Но у них не было Императора. Быть может, Его воззвания сумеют пробудить общество? Привлечь всех верных к Его знамени? Ведь тогда и там смута случилась на третий год тяжёлой войны, где врага только-только удалось остановить и лишь кое-где оттолкнуть назад. Вот интересно было б рассказать Алексею Алексеевичу[9] о прорыве, названном его именем…
Может, здесь и сейчас всё окажется по-иному? Не выбито кадровое офицерство; цел (хочется верить) гвардейский корпус, хоть и изрядно рассеян; и немцы не занимают полстраны, как по тому «похабному Брестскому миру»; пока – одну лишь столицу да железные дороги к ней от Риги и Ревеля.
Так отчего же он, полковник Аристов, в такой меланхолии? Ничего ещё не проиграно; напротив, они одержали победу, вырвались из обречённой столицы, спасли Государя – да иному офицеру этого б на всю жизнь хватило!..
Или оттого ты мрачен, любезный друг Константин Сергеевич, что рядом нет с тобой некоей прекрасной дамы, с которой ты так и не набрался храбрости объясниться?
Оттого, что она – неведомо где? Что ваш последний разговор… был совсем не таким, как тебе хотелось бы?
Нет, сказал себе он. Об этом я сейчас думать не буду. Приказываю себе не думать и запрещаю думать. Нам надо просто выжить, просто прорваться…
Две Мишени зло стукнул кулаком по броне. Да нет же, нет! «Просто выжить» не получится! Как не получилось у героев Ледового похода в той реальности. Почему там победили их нынешние противники? Не только лишь потому, что были чудовищно, непредставимо жестоки. Жестоки, как жестока может быть только машина, холодная и бесчувственная. Это, конечно, сыграло свою роль – Константин Сергеевич думал о тех заложниках из офицерских семей, коими обеспечивались верность и усердие «военспецов», как он успел вычитать в библиотеке профессора Онуфриева. Но – не только, отнюдь не только.
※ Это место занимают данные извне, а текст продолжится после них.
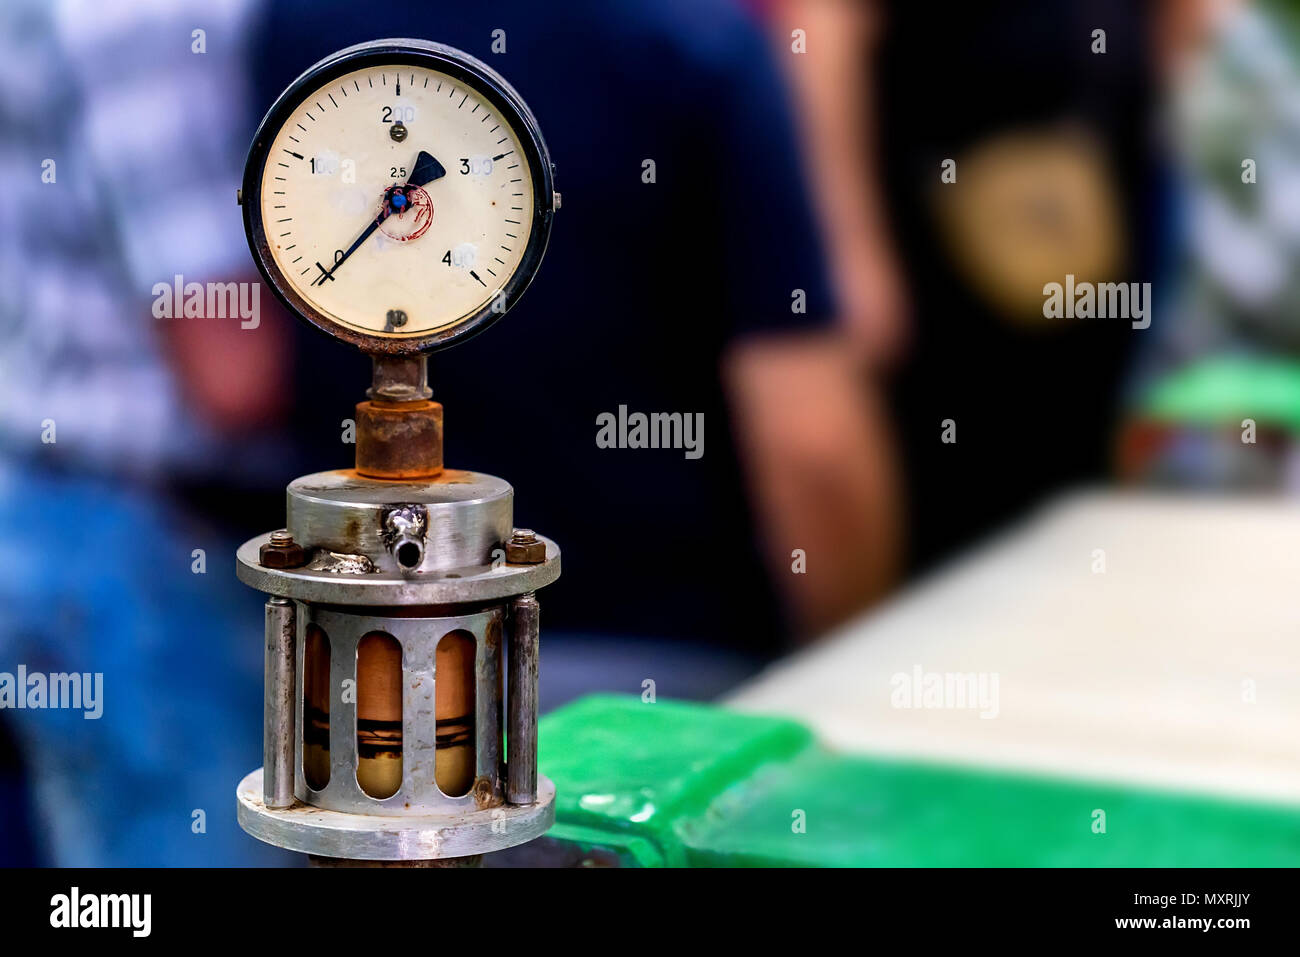 Close up of manometer or pressure gauge at winery - Stock Image

Их идея, признавался он себе, проста и привлекательна. Долой старый мир, всё отнимем и поделим, по справедливости, кто не работает, тот не ест. Верно – почему буржую нужна квартира в десять комнат, а рабочий зачастую ютится угловым жильцом?..
Тут, конечно, можно было пуститься в долгие рассуждения, что по углам приходилось жить лишь самым бедным и молодым, не умеющим многого молодым рабочим, что спустя полгода-год на столичных заводах они уже снимали кто комнату, а кто и целую квартиру, пусть даже и простую, – но дело-то было в том, что большевики предложили доступное и понятное. Не какую-то учёную заумь, нет. И в этой простоте крылась страшная, убийственная сила.
Всё отобрать и поделить. По-честному, по справедливости. А где она, справедливость?
– Ваше высокоблагородие, господин полковник, разрешите обратиться?
Так, это что такое? Кадет Пётр Ниткин, собственной персоной!
– Обращайтесь, кадет. И можно без высокоблагородий.
– Солонов, Фёдор… Федя… как он, Константин Сергеевич?
Переживает за друга, понятно.
– Рана тяжёлая, Петя, не скрою. Но Фёдора прооперировали. И ты знаешь, кто ассистировал? Сама великая княжна Татьяна Николаевна!
Петя Ниткин округлил глаза.
– Да-да. Внучка Государя. Не гнушается. Семнадцать лет всего, а уже сестра милосердия. Когда только успела научиться! Так что, Пётр, будем уповать на Господа и на чудеса современной медицины. Тот самый пенициллин, например.
– При пулевом ранении в живот он не поможет. – Ниткин опустил голову.
– Частично может помочь. Предотвратить сепсис, насколько я понимаю. Но – не бойтесь, кадет Ниткин. Не к лицу это александровцу!
– Я не боюсь, Константин Сергеевич, – очень серьёзно сказал Пётр. – Я просто размышлял… как сделать так, чтобы не вышло – как там…
Вот только с кадетом Ниткиным и мог полковник Аристов поговорить об их самой великой тайне.
– Я тоже думал, Петя. Или мы предложим что-то своё, иное, лучше, чем у большевиков…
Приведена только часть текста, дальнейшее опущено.